This worksheet uses the `iris`

data set available in R. This data set gives the measurements in centimeters of the variables sepal length and width and petal length and width, respectively, for 50 flowers from each of 3 species of iris. The species are *Iris setosa*, *versicolor*, and *virginica:*

`head(iris)`

```
## Sepal.Length Sepal.Width Petal.Length Petal.Width Species
## 1 5.1 3.5 1.4 0.2 setosa
## 2 4.9 3.0 1.4 0.2 setosa
## 3 4.7 3.2 1.3 0.2 setosa
## 4 4.6 3.1 1.5 0.2 setosa
## 5 5.0 3.6 1.4 0.2 setosa
## 6 5.4 3.9 1.7 0.4 setosa
```

**Problem 1:** Is there a difference in sepal length between species setosa and species virginica? Perform a t test and discuss your results (1-2 sentences).
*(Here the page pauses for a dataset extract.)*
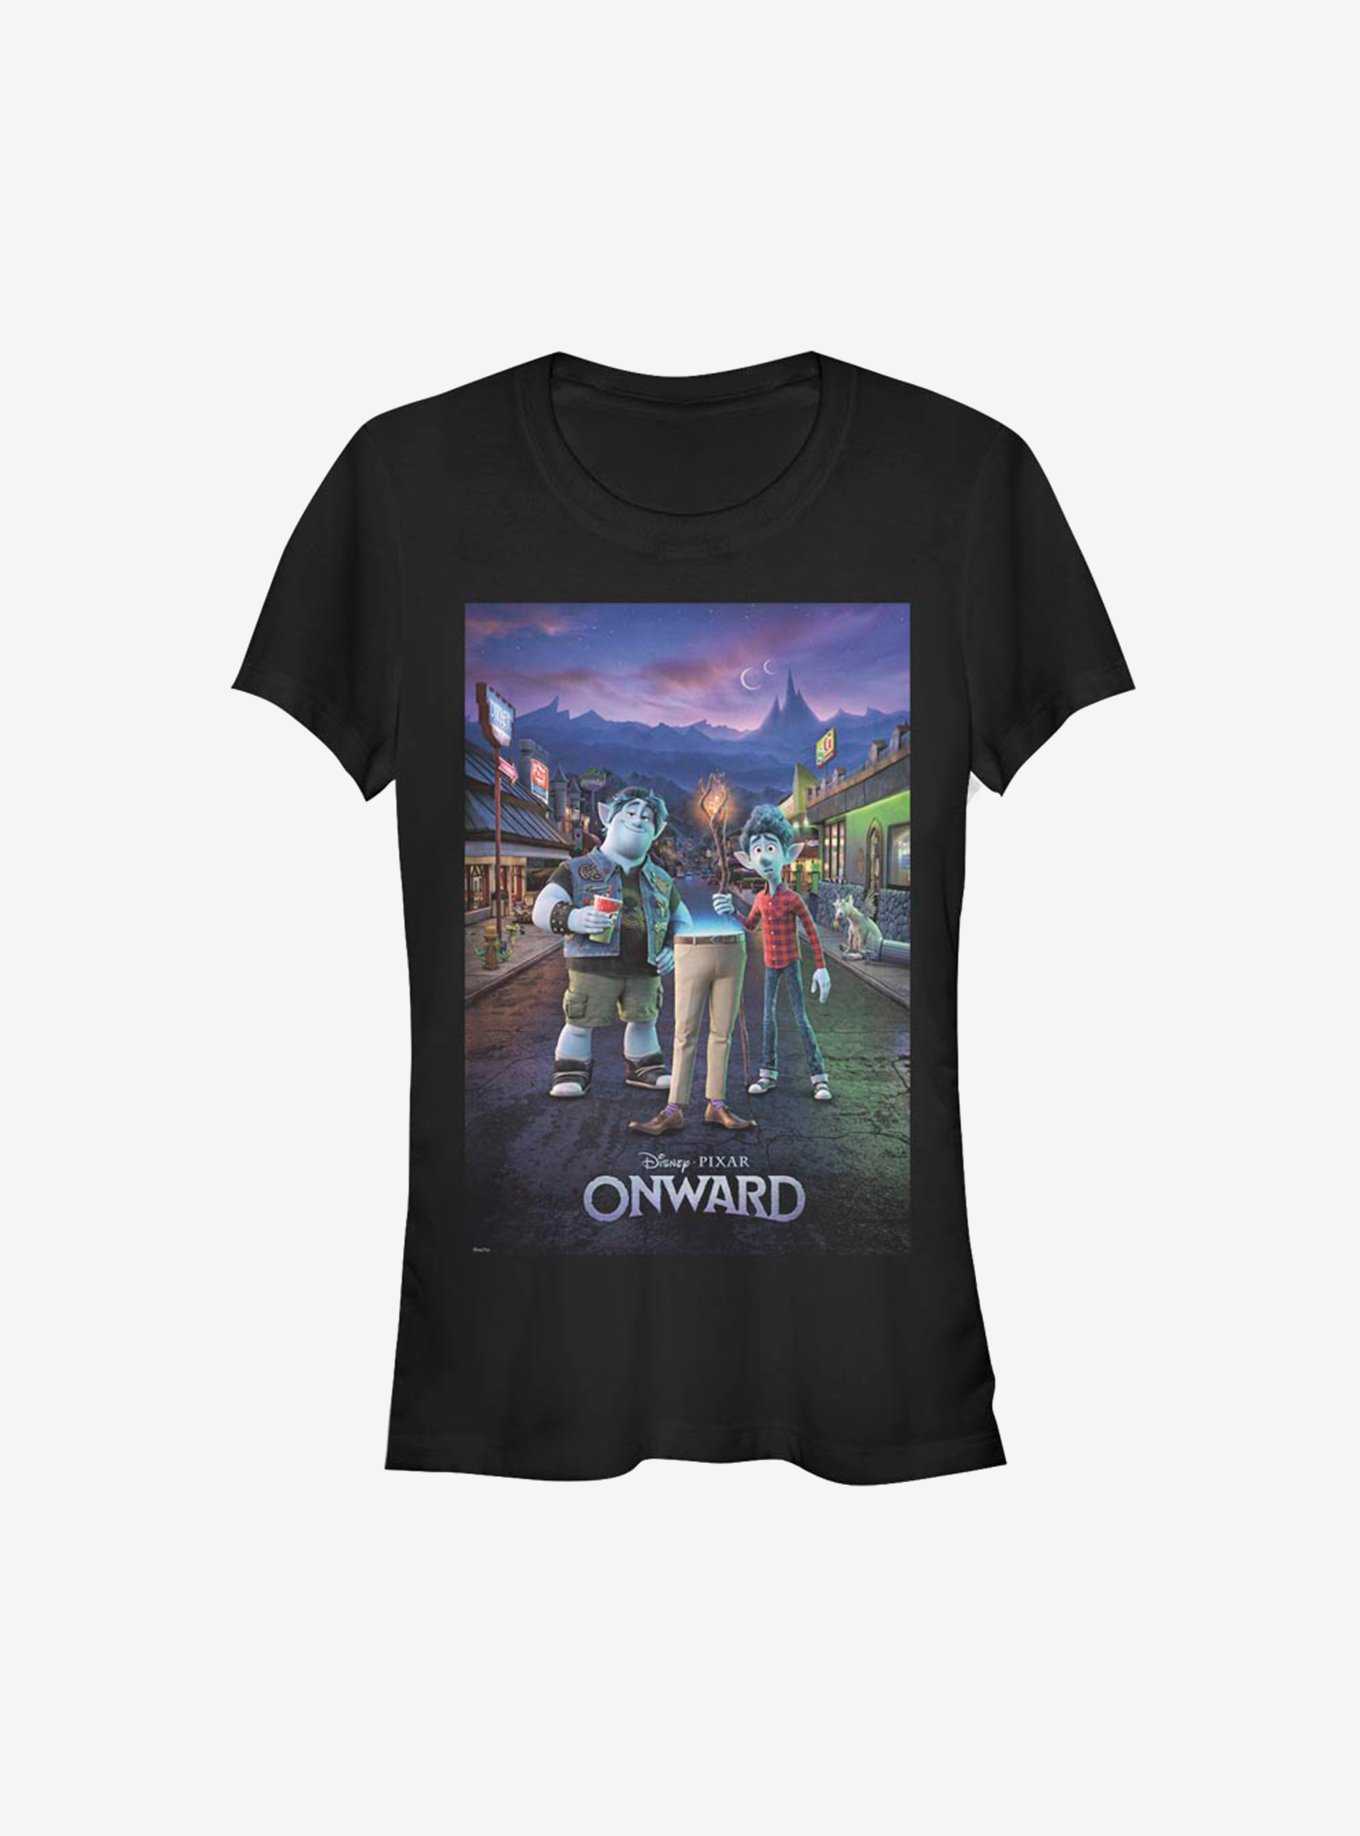 OFFICIAL Onward Movie Merchandise & T-Shirts | Hot Topic

`t.test(iris$Sepal.Length[iris$Species == "setosa"], iris$Sepal.Length[iris$Species == "virginica"])`

```
##
## Welch Two Sample t-test
##
## data: iris$Sepal.Length[iris$Species == "setosa"] and iris$Sepal.Length[iris$Species == "virginica"]
## t = -15.386, df = 76.516, p-value < 2.2e-16
## alternative hypothesis: true difference in means is not equal to 0
## 95 percent confidence interval:
## -1.78676 -1.37724
## sample estimates:
## mean of x mean of y
## 5.006 6.588
```

There is a significant difference in sepal length. Sepals of species *virginica* are on average 1.6 cm longer than sepals of species *setosa.*

**Problem 2:** Make side-by-side box plots of sepal length for the three species. Discuss what patterns you observe (1-2 sentences).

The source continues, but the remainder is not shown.